Given a probability space $(\Omega,\mathcal{F}, P).$ Suppose $\mathcal{A}$is a subclass of $\mathcal{F}$. Let $\mathcal{A}_{x,\epsilon}$ be the class of $\mathcal{A}-$sets satisfying $x\in A^{\circ}\subset A\subset B(x,\epsilon)$ and let $\partial \mathcal{A}_{x,\epsilon}$ be the class of their boundaries.
Claim: If $\partial\mathcal{A}_{x,\epsilon}$ contains uncountably many disjoint sets, then at least one of them mush have $P-$ measure zero.

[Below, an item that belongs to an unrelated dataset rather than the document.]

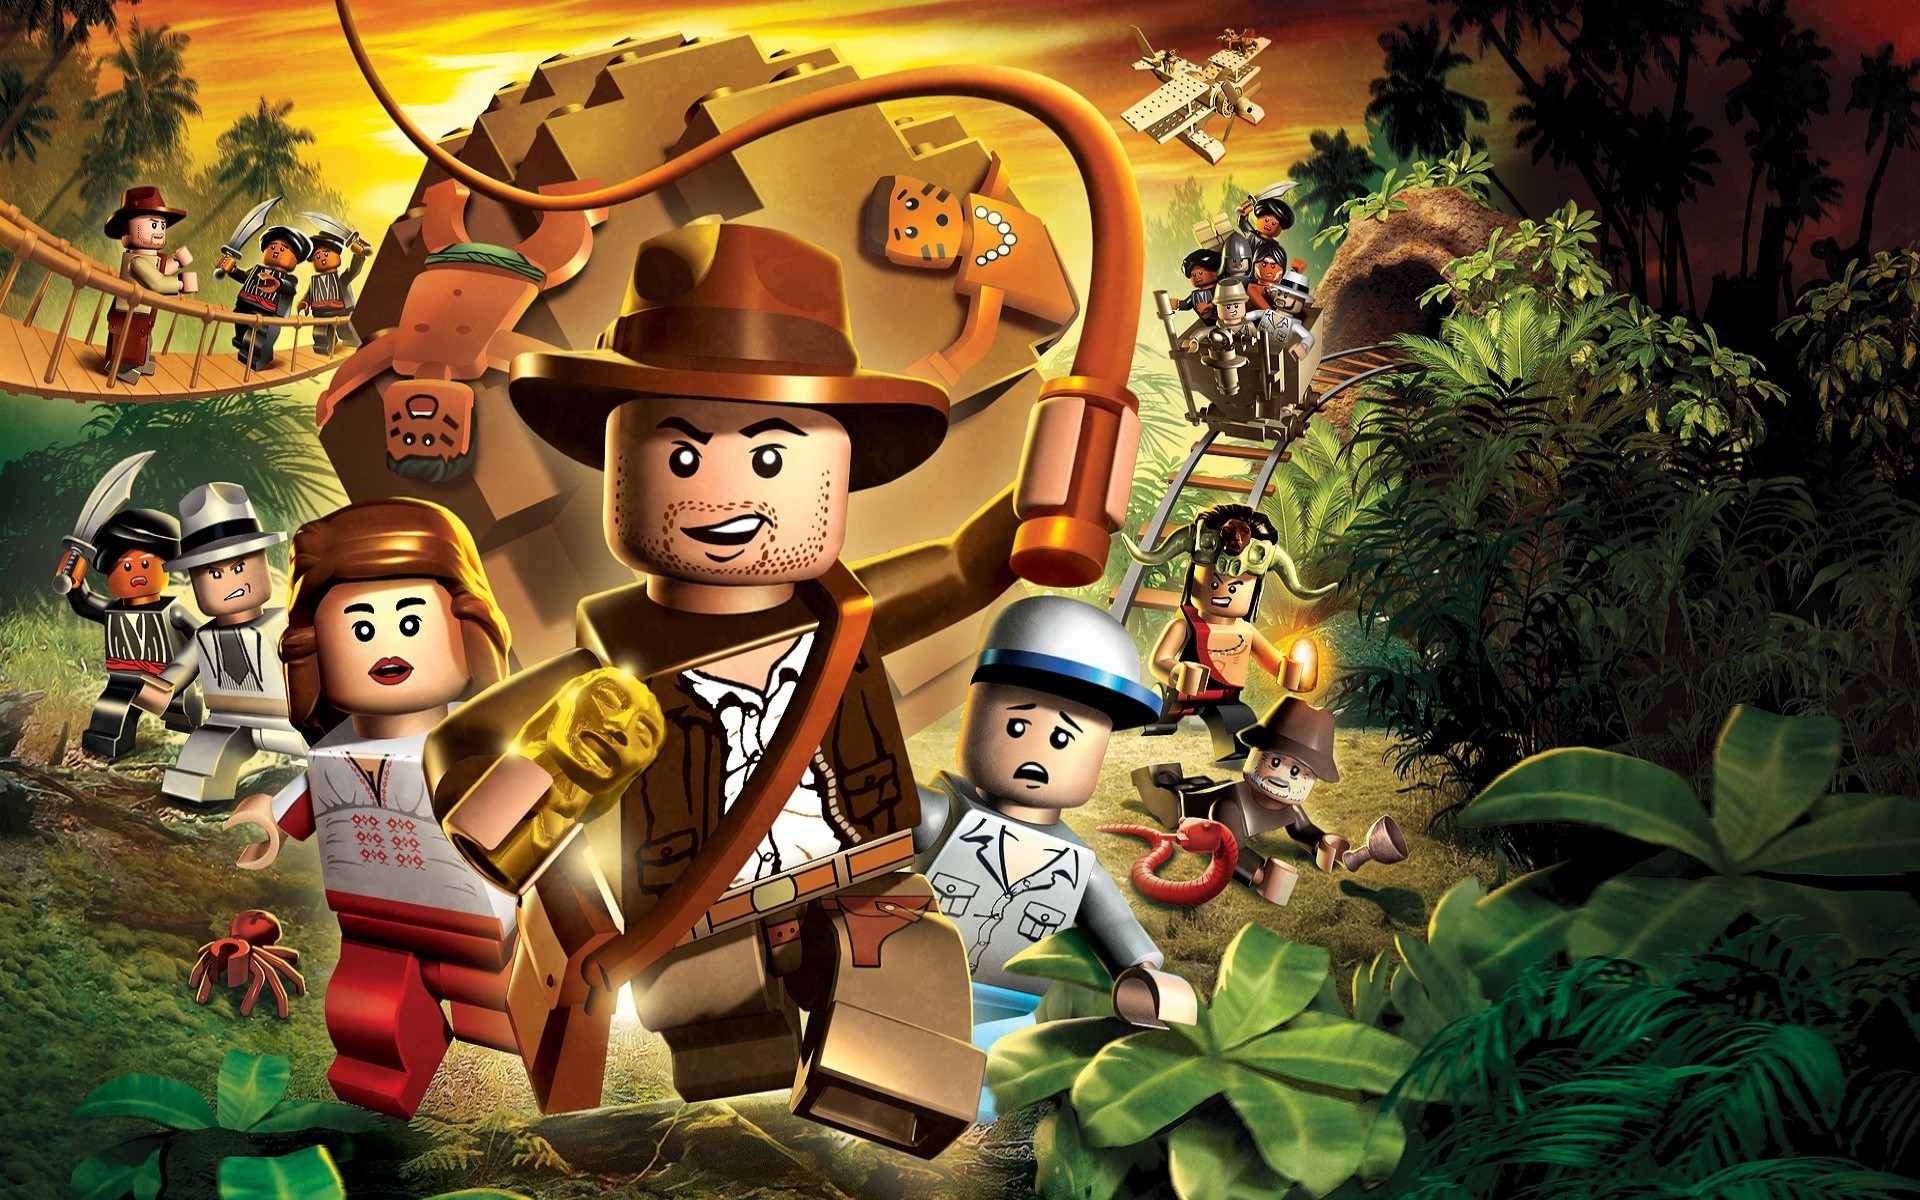 Indiana Jones Lego Figurines - Lego Indiana Jones Art - HD Wallpaper

This is in section 2 from the book " convergence of probability measures(Billingsley)".
I think to proof this claim, we may need Borel-Cantelli lemma, but Borel-Cantelli lemma is for countably many sets.
Denote the metric on $\Omega$ by $\rho(x,y)$. Since for any $A\in\mathcal{A}_{x,\epsilon}$, $x\in A^{\circ}\subset A\subset B(x,\epsilon)$, then $\partial A\subset \partial B(x,\epsilon)\subset \{y:\rho(x,y)=\epsilon\}$.
Therefore $\cup_{A\in\partial\mathcal{A}_{x,\epsilon}} A\subset \{y:\rho(x,y)=\epsilon\}$. Thus $P(\cup_{A\in\partial\mathcal{A}_{x,\epsilon}} A) \leq P(\{y:\rho(x,y)=\epsilon\})<\infty$ But then how can I get the conclusion?
Any help will be appreciated. Thanks
You don't need anything fancy like Borel-Cantelli. Just the axioms of measure theory. In fact, a more general result is true, in your same probability space:
Proof: For any $n\in \mathbb N$, let $\mathcal A_n=\{A\in \mathcal A\mid P(A)>\frac1n\}$. Note that $\mathcal A_n$ has fewer than $n$ elements: if there were $n$ sets $E_1,E_2,\dots,E_n\in \mathcal A_n$, then you would have $$ P(E_1\cup E_2\cup\dots\cup E_n)=P(E_1)+\dots+P(E_n)>\frac1n+\dots+\frac1n=1, $$ contradicting that $P$ is a probability measure. Now, let $\mathcal A_0=\{A\in \mathcal A\mid P(A)>0\}$. Note that $\mathcal A_0=\bigcup_{n\ge 1}\mathcal A_n$, so $\mathcal A_0$ is a countable union of finite sets. This implies $\mathcal A_0$ is countable, as claimed.